Sonraki yıllar boyunca, Japonya’da seyahat eder. En zoru, 1963’te
Hiroşima’ya yaptığı gezidir. Okuduğu ve dinlediği atom bombası öyküleri
karşısında sarsılır, gazetelere bu konuyla ilgili olarak makaleler yazar.
Coerr, Hiroşima’nın yeniden inşa edildiğini görür; şehrin ortasındaki Barış
Parkı’na da Sadako Sasaki’ye adanmış, binlerce kâğıt turnayla süslü bir anıtın
dikildiğini fark eder. Anısına barış heykeli dikilmiş olan bu küçük kızın
öyküsünden etkilenir. Bir yıl sonra Sadako’nun “Kokeşi” adlı günlüğünü elde
eder. Ki bu kitabının temelini oluşturur. Sadako ve Kâğıttan Bin Turna Kuşu
adlı kitap ilk olarak 1977 yılında ABD’de, 1981’de ise Avustralya’da
yayımlanır. Kitap kısa sürede milyonlar satar. ABD, Avustralya dışında
Almanya, İngiltere, Japonya ve Fransa’da yayımlanır. Bu ülkelerde de ilgi
görür ve pek çok tiyatro oyununa, bale eserine, şarkılara konu olur. Baskı
üzerine baskı yapar. Turna kuşu katlamak, bir süre sonra dünya çocukları için
barışın simgesi olur adeta.
Sadako ve Kâğıttan Bin Turna Kuşu, 1981’de Batı Avustralya Genç
Okuyucular Ödülü’nü kazanır. Bir Amerikan film şirketi tarafından
ilkokullarda gösterilmek üzere filme alınır.

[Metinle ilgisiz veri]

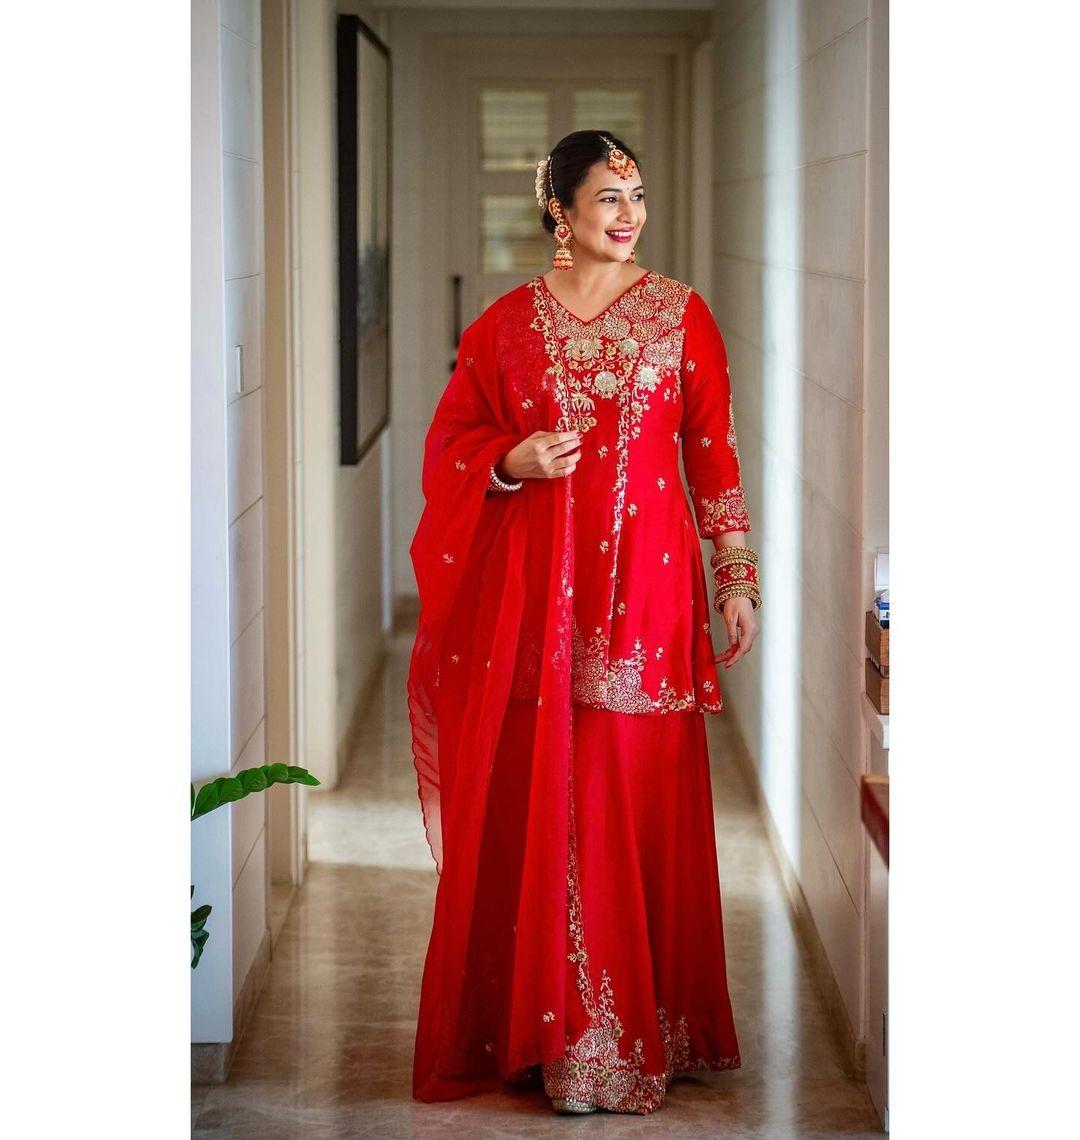 Divyanka Tripathi can ace any outfit, and her appearance in a red suit is proof. In this look, Divyanka wore a beautifully embroidered red suit paired with a matching long skirt and dupatta

Coerr, Sadako ve Kâğıttan Bin Turna Kuşu’nu yazma gerekçesini şu
sözlerle açıklar: “İnsanlara Hiroşima’da iki yüz bin kişinin atom bombası
yüzünden öldüğünü söylemek, küçük bir kızın öyküsünü anlatmak kadar
etkili değil.”
Eleanor Coerr’in yazdığı ve resimlediği diğer kitaplar şunlardır:
“The Mystery of the Golden Cat ” (Altın Kedinin Gizemi), 1969; “Jane
Goodall” 1976; “Biography of a Giant Panda” (Dev Bir Pandanın
Öyküsü), 1976; “The Big Balloon Race” (Büyük Balon Yarışı), 1981;
“Chang’s Paper Pony ” (Chang'ın Kâğıt Midillisi), 1988.